Much is made of the relief of finally having “nothing to prove” as an artist, but this record, with its almost impossible scope, has the joy of having something to prove written all over it. It’s a thrilling ride: the albums that followed, “Is That You?” and “Where In The World?”, are two of my favourite records of all time. They don’t get much praise here in comparison to later recordings, but reading about your heroes always involves confronting differing opinions. It’s like a sport. I had to resist the temptation to look up all my Desert Island Frisell albums in the index and see if I was right about how much I liked them. For me, all the later stuff reverberates with the distant sound of that revolution, however “safe” it might seem.

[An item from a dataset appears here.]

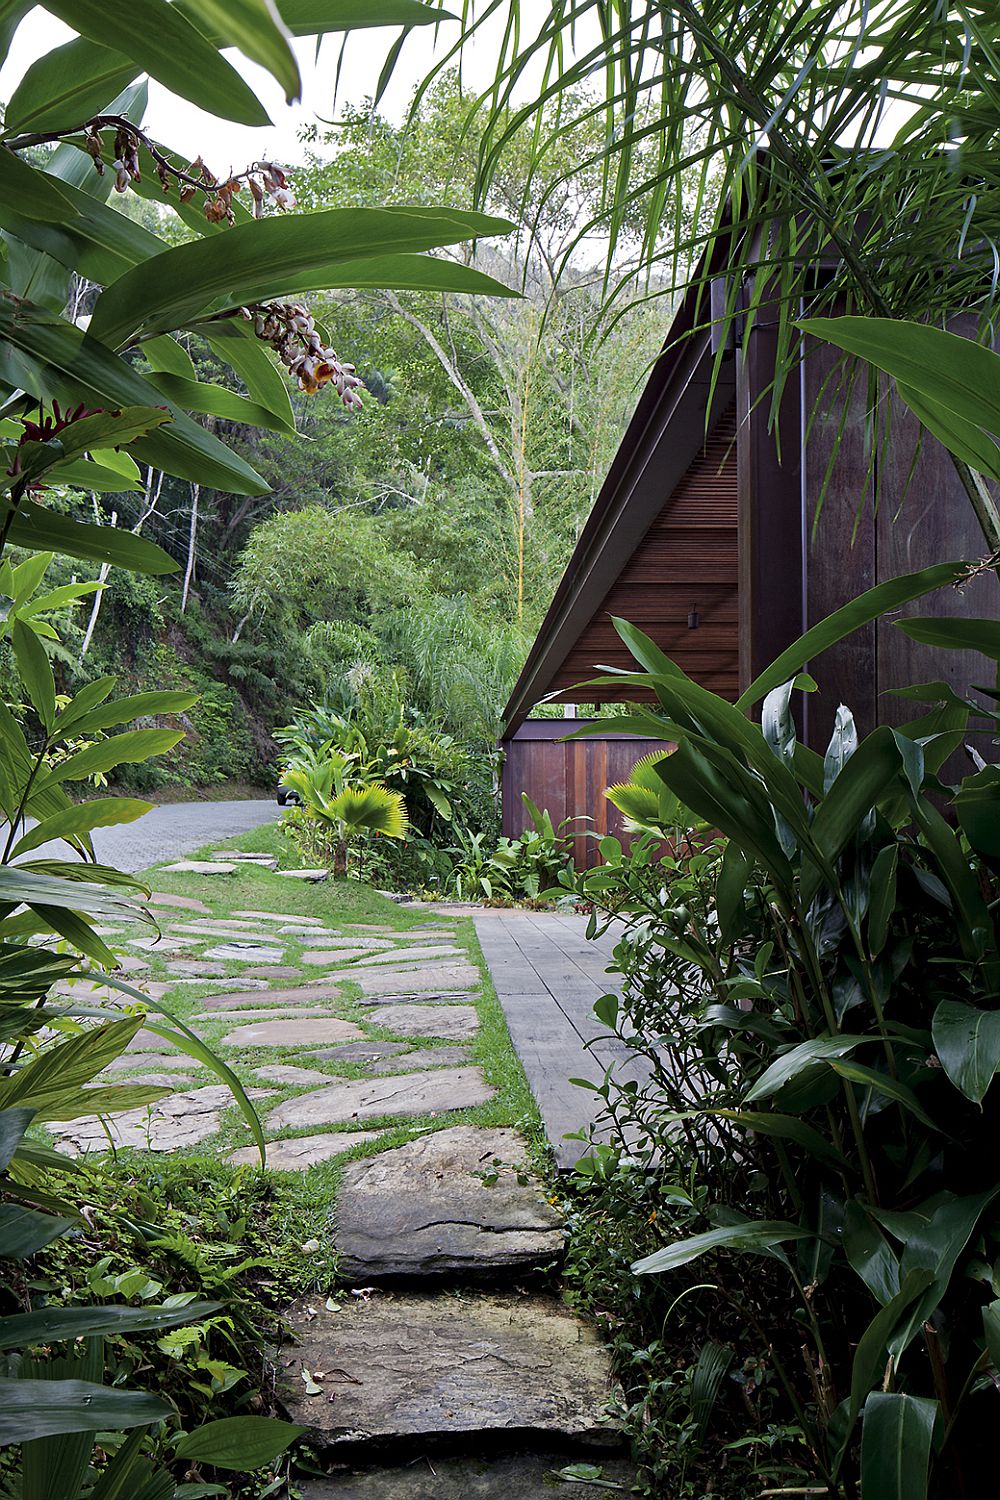 Entrance to the private house is concealed by natural greenery

There’s a particular fondness here for “Gone, Just Like A Train”, “Good Dog, Happy Man” and “Blues Dream”, perhaps representing an ideal confluence of restraint and adventure, and the subtlety of the writing and playing is stunning. Frisell puts out records at such a rate, however, that they only ever seem like snapshots of a huge work in progress. It’s interesting to read how even Nonesuch Records, who surely were the dream contract, couldn’t get stuff out quickly enough for him and he eventually moved on. He’s gracious and grateful throughout for how fortunate he feels, but there are hard luck stories throughout, including a particularly gruelling solo session for ECM under the claustrophobic gaze of Manfred Eicher as well as difficulties with health and family life through overwork (yes success has its price). It’s all a timely reminder that things are not as simple, or as peachy, as they might seem. There’s a nice sense of Frisell as the guy just playing guitar while stuff happens around him. The account of an incident onstage involving Naked City, various performance artists, Arto Lindsay, a giant dildo, a reading of “120 Days Of Sodom” and a microphone used for purposes other than amplification is too good to recount verbatim here. It’s not currently part of any conservatoire curriculum, and that is their loss.

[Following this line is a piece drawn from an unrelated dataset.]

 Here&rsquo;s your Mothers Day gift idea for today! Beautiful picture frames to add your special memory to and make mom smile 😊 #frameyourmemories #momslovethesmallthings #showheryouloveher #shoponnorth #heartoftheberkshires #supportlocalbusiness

At the end of the book, Watson quotes some lines from Frisell’s website marking a gig returning to his childhood neighbourhood in Denver:

“So many seeds planted. Still growing. Trying to get it together. Just getting started.”

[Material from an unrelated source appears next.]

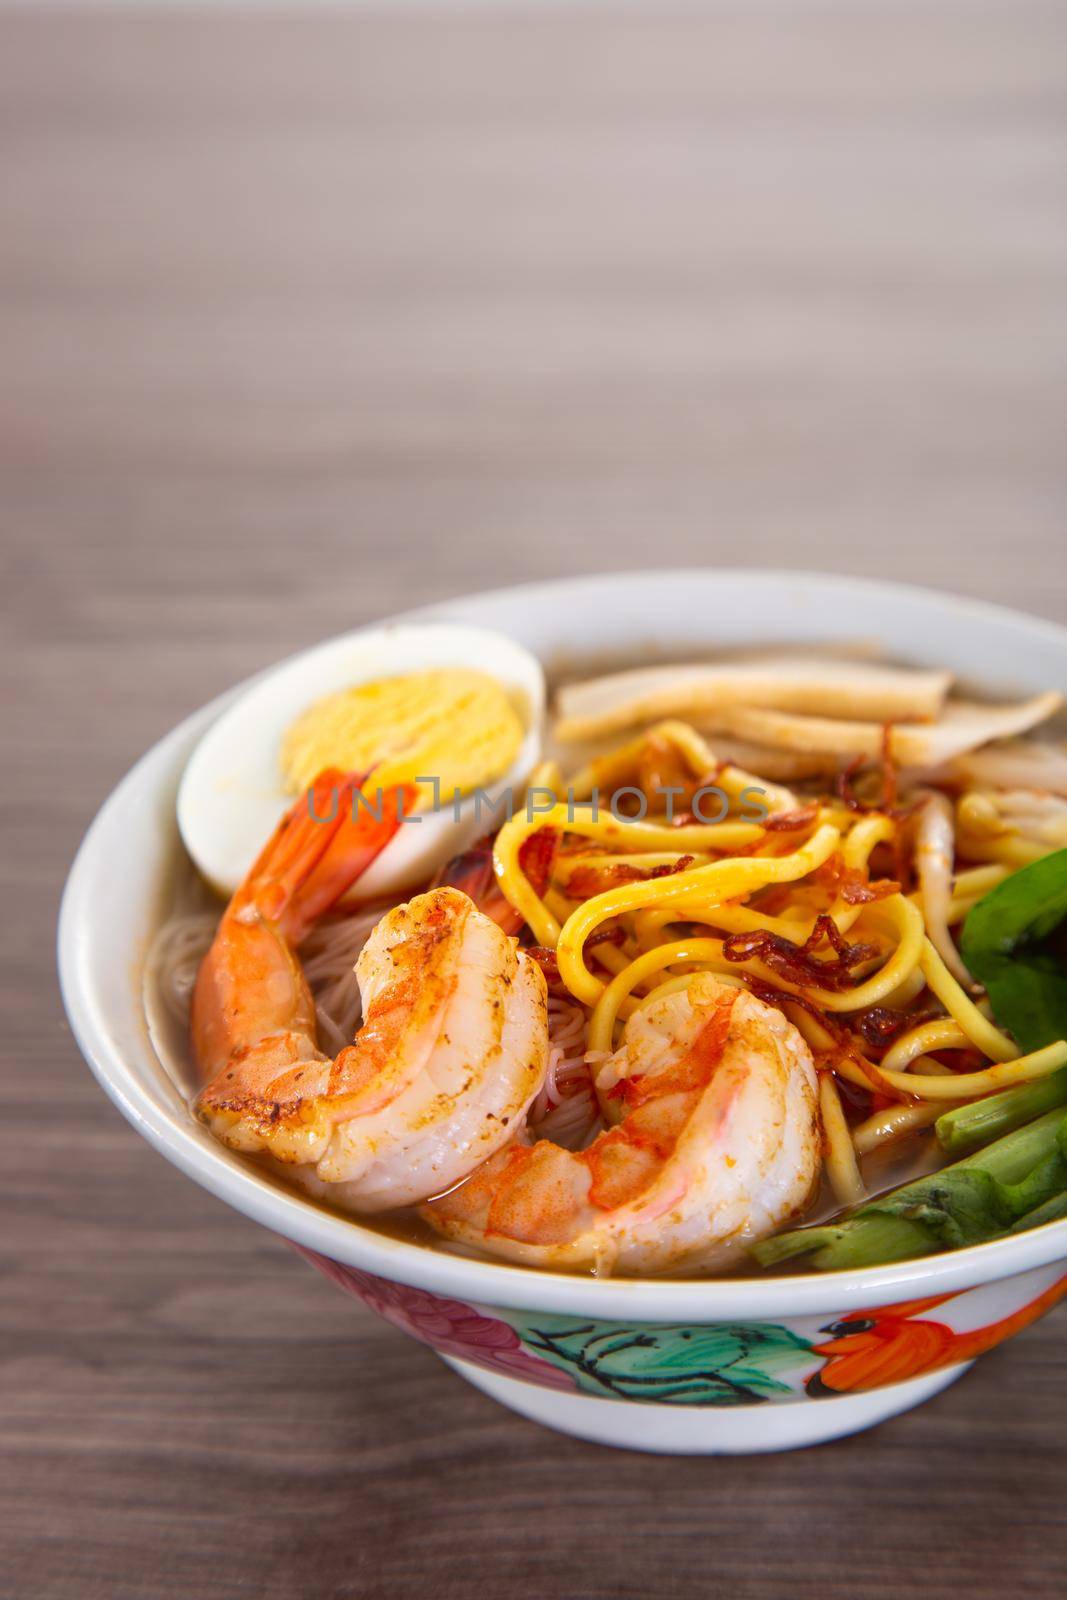 Spicy Prawn Noodle. A delicacy made popular by the Chinese in Malaysia and Singapore by tehcheesiong

For Bill Frisell, the search and the struggle to keep the music fresh, continues as it always must. It’s also a lifelong search to find journalists who understand your process as much as the finished product, who are willing to let you tell the story of your work without telling you how you did it. The sound, and the dreams that spring from it, seems as good a way of describing that process as any, and this seems to me to be at the heart of the book. With “Bill Frisell: Beautiful Dreamer”, perhaps the search to find a writer who can mirror that process in words, has come to a satisfying end.


One response to “Philip Watson’s “Beautiful Dreamer”, a biography of Bill Frisell”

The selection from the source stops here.